Thursday, November 15

Lincoln Review

Dir: Steven Spielberg
Starring: Daniel Day-Lewis, Sally Field,
Tommy Lee Jones, and Joseph Gordon-Levitt

The life of an iconic historical figure the likes of Abraham Lincoln offers moments of grandeur and speeches bursting with hubris, and in Steven Spielberg’s exceptional film those elements are ever present, but so is the other side of the penny. Lincoln excels at showcasing the humanity and humility of a man guiding a country in the darkest of times, but more impressively the cunning and, at times, conniving nature of a man fighting for what he believes is right amongst a conspiring political system.

Lincoln begins with the distinctive lines from the Gettysburg Address recited amidst a torn battlefield that echoes another Spielberg battle if for only a mere moments. This introduction forwards to the silhouette of a haggard and hunched Lincoln (Daniel Day-Lewis) sharing stories with a racially diverse group of Union soldiers. What seems to start as a dynamic war drama very soon settles down into mid-19th century America with costume plumage, horse drawn carriages, and dingy, dirty early settlements. However, it is far more than just design and a character study. What transpires over the course of the nearly 150 minute film is an examination of early American legislature that composes in the form of a thriller, though the audience is well aware of the outcome.

Framed within Lincoln’s second turn as President, the war has turned in favor of the Union and the 13th amendment is being guided to legislature. Lincoln knowing the scale that the abolishment of slavery would have on humanity, but also the war, is met with anger and indecision from both party affiliates.

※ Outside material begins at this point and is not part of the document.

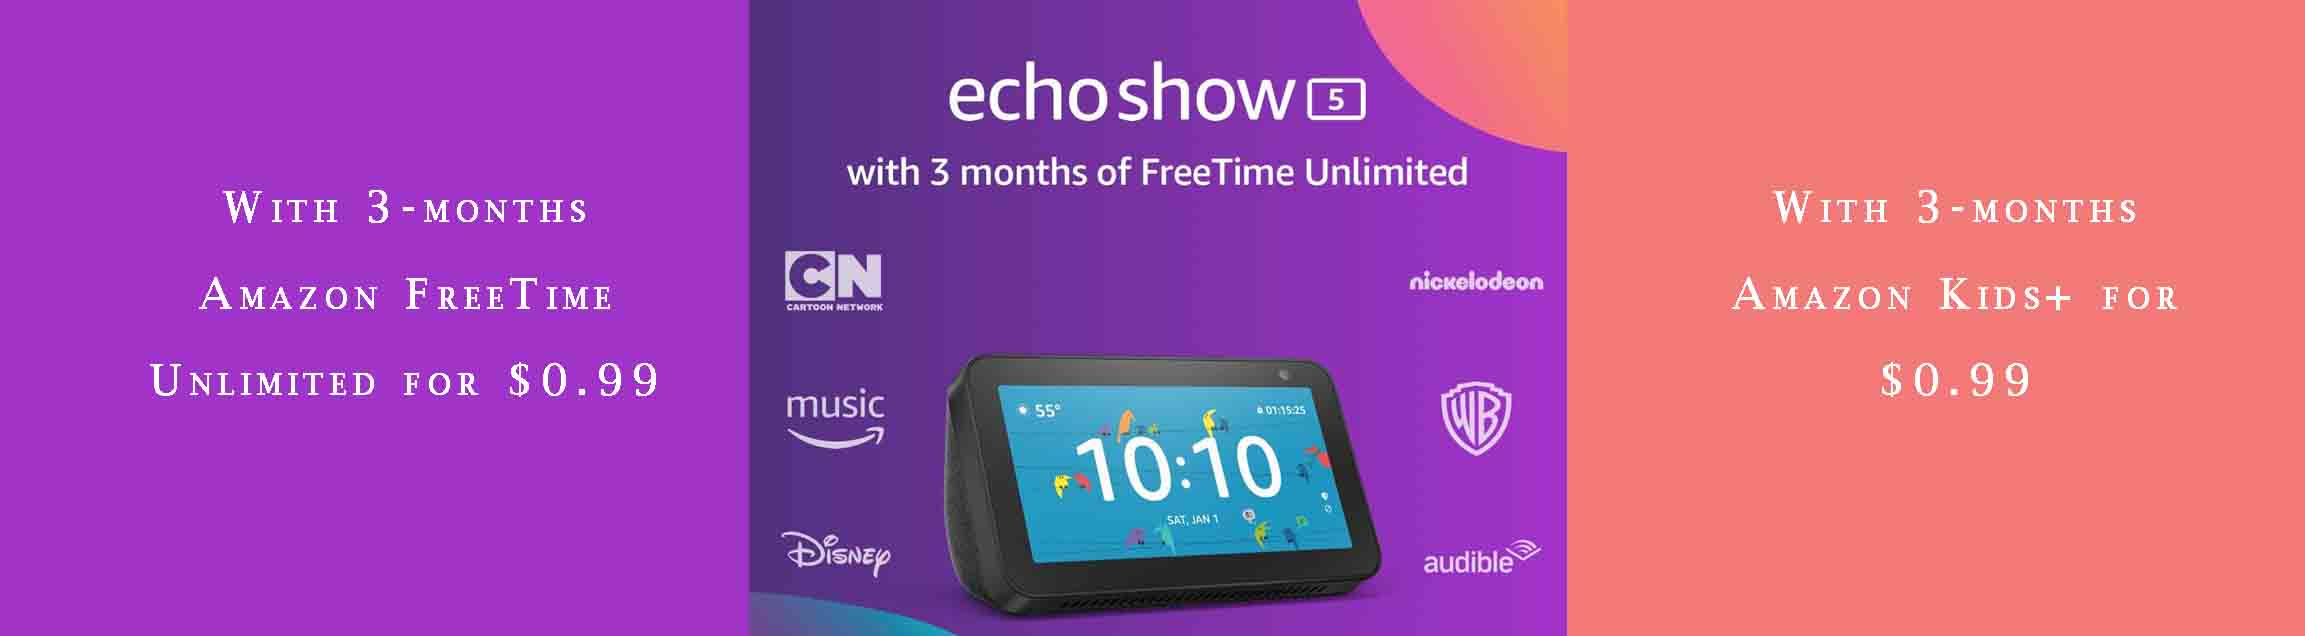 Echo device promo code

It’s within these moments that the narrative aspects of Lincoln shine brightest. The spectacle of argument and opinion is well written by Tony Kushner. Spielberg’s direction is especially brilliant in delicate ways. There are moments when the brash bantering within the representative court is consuming in its’ exhaustive eloquence, yet Spielberg is keen to keep the film paced. It’s an interesting counterpart to have Lincoln’s ponderings, which seem bursting with wisdom though they are nothing more than verbose yarns, accompany the maddening threats of nearly everyone else.

These wonderfully written speeches and diatribes wouldn’t hold weight without the stellar cast. Daniel Day-Lewis is spectacular in so many ways; the body mechanics and the soft-spoken vocal influence are just two of the defining means Day-Lewis brings Lincoln to life. Sally Field is confident and hysterical as Mary Todd Lincoln, her emotional turmoil over letting her son Robert Todd Lincoln (Joseph Gordon-Levitt) enlist in the war is touching. Tommy Lee Jones plays powerful abolitionist Thaddeus Stevens with an equal amount of disdain and honorability. It is a particular challenge to meet expectations when Day-Lewis is so good, but for the most part the cast meets the challenge.

Janusz Kaminski’s cinematography utilizes a mix of browns and greys combined with soft-edged focuses to keep the environments teeming with realism.  It’s interesting to see the landscapes captured with unflinching grime.

Though the film moves along quite well, it becomes indecisive on when to find a stopping point. This complaint seems minuscule in the scheme of it all, but finding an ending is difficult, and important, in a film so historically familiar.

Lincoln is a splendid film, equally portraying the shining and dark moments of history and the political process, while showing the wisdom of a man looking beyond the current towards the future.